NEWS & BLOGS

Heading

Isolated Bacterial Genome Assembly and Quality Assessment Pipeline

Published on: 2025-09-03 | By: EDITOR


1. MAGs Generation Workflow

2. Isolated Bacterial Genome Assembly Workflow

3. Taxonomic Relative Abundance Estimation via Kraken2 and Bracken

4. Enterotyping Analysis Pipeline


  1. Data Pre-processing with Trimmomatic
java -jar ~/trimmomatic-0.39-2/trimmomatic.jar PE -threads 64 ${id}_1.fq ${id}_2.fq ${id}_forward_paired.fq.gz ${id}_forward_unpaired.fq.gz ${id}_reverse_paired.fq.gz ${id}_reverse_unpaired.fq.gz ILLUMINACLIP:TruSeq3-PE.fa:2:30:10 LEADING:20 TRAILING:20 SLIDINGWINDOW:4:25 MINLEN:100

This step utilizes Trimmomatic to clean and preprocess paired-end sequence data, essential for reducing sequencing errors and improving assembly quality.

  1. De Novo Assembly with SPAdes
spades.py --isolate -1 ${id}_forward_paired.fq -2 ${id}_reverse_paired.fq -t 64 -m 256 --cov-cutoff auto -o ${id}_spades
seqtk seq -L 200 ${id}_spades/scaffolds.fasta > ${id}_spades/scaffolds_clean.fasta
  1. Quality Assessment with CheckM2
checkm2 predict --threads 64 -x fasta  --database_path ~/CheckM2_database/uniref100.KO.1.dmnd --remove_intermediates --input ./Genomes/ --output-directory ./Genomes_checkM2

We utilizes CheckM2 to assess the quality of assembled genomes, providing the completeness and contamination of each genomes.

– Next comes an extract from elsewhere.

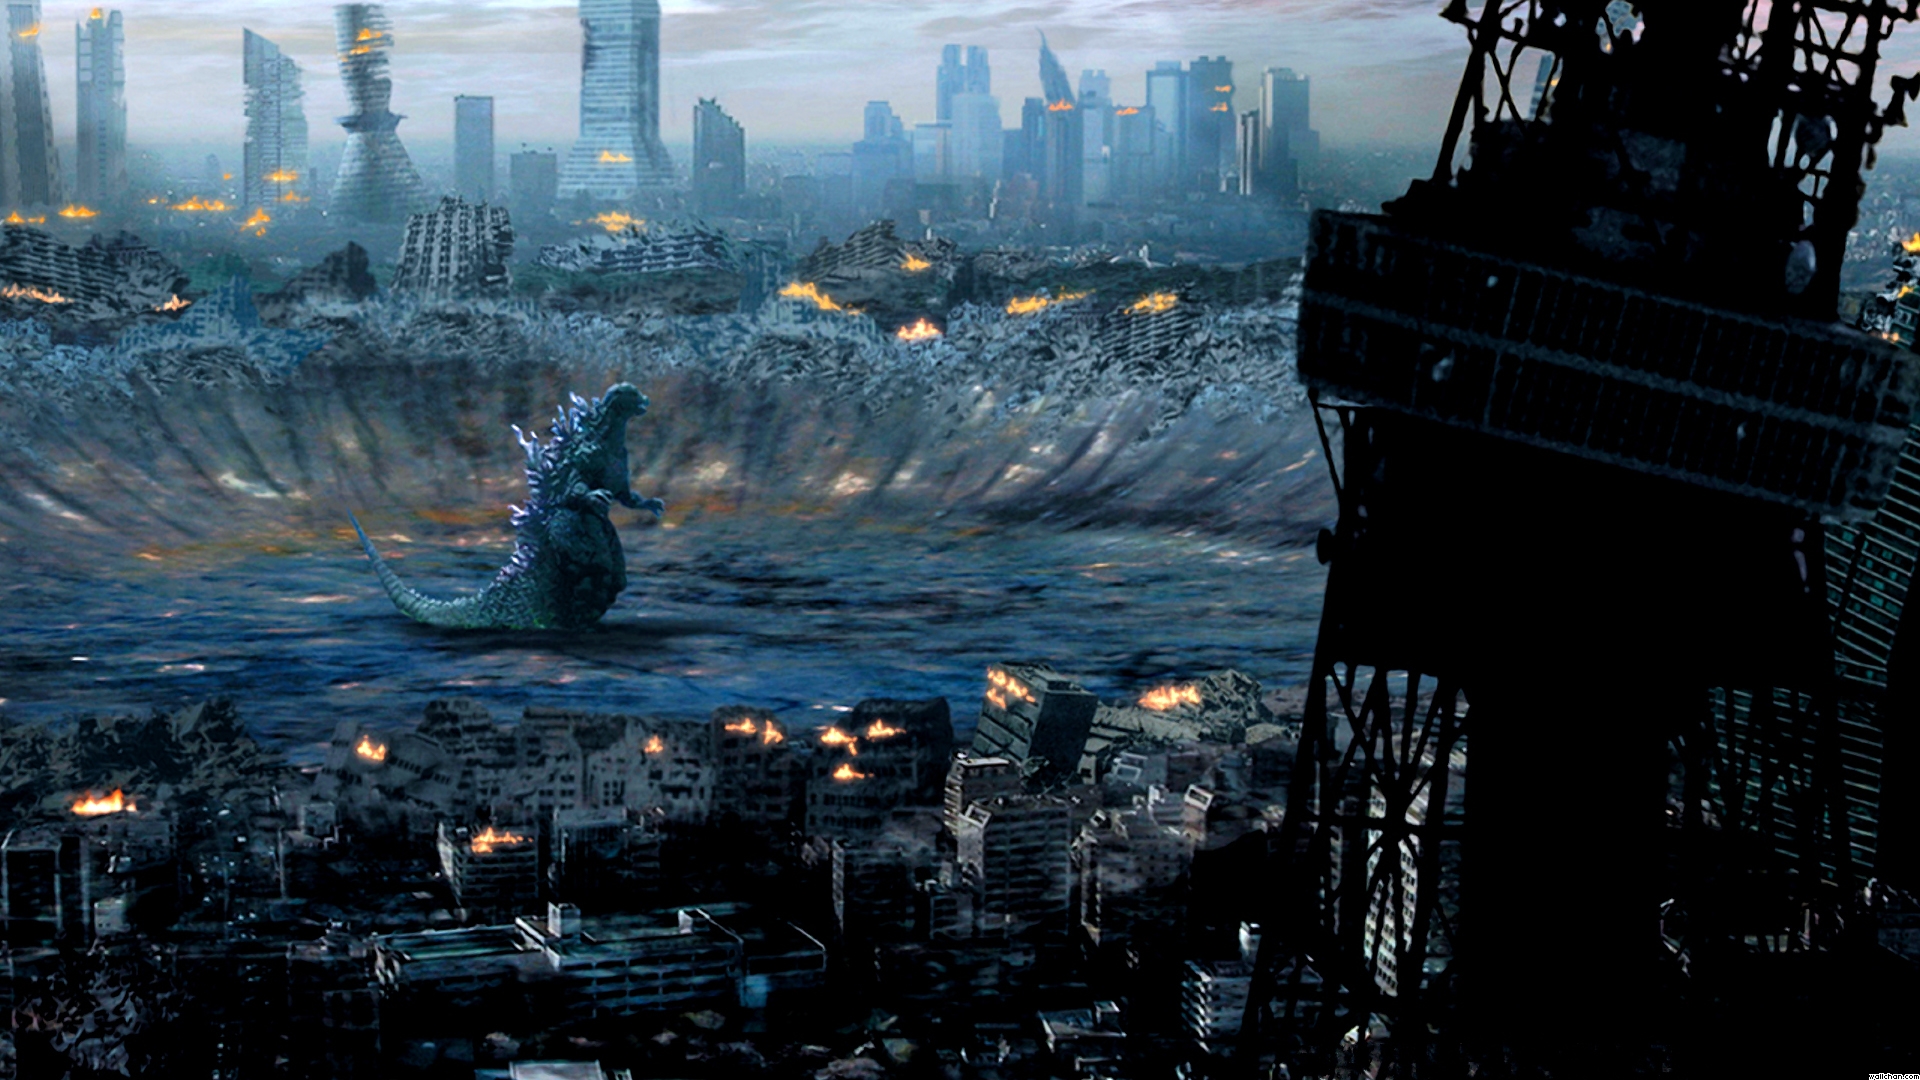 Descarga gratuita de fondo de pantalla para móvil de Godzilla, Fantasía.

  1. Taxonomic Classification of Genomes with GTDB-Tk

This command utilizes GTDB-Tk, version 2.4.0, to perform comprehensive taxonomic classification of bacterial genomes, leveraging the GTDB Release 220 database

gtdbtk classify_wf --genome_dir ./Genomes --out_dir ./Genomes_GTDBtk_results2 --extension fasta --cpus 64 --skip_ani_screen
  1. Genome Dereplication with dRep
dRep dereplicate --completeness 50 --contamination 10 -sa 0.95 --SkipMash -p 64 ./Pbac_v2_cluster_95 -g ./All_Genomes_MAGs/*fasta --genomeInfo Pbac_v2_Quality.csv

We utilize dRep software to dereplicate and cluster bacterial genomes based on genomic similarity, employing a clustering algorithm with a 95% average nucleotide identity threshold. This process yields unique and representative genome assemblies at the species level (0.95 ANI) . Genome completeness and contamination were assessed using CheckM2.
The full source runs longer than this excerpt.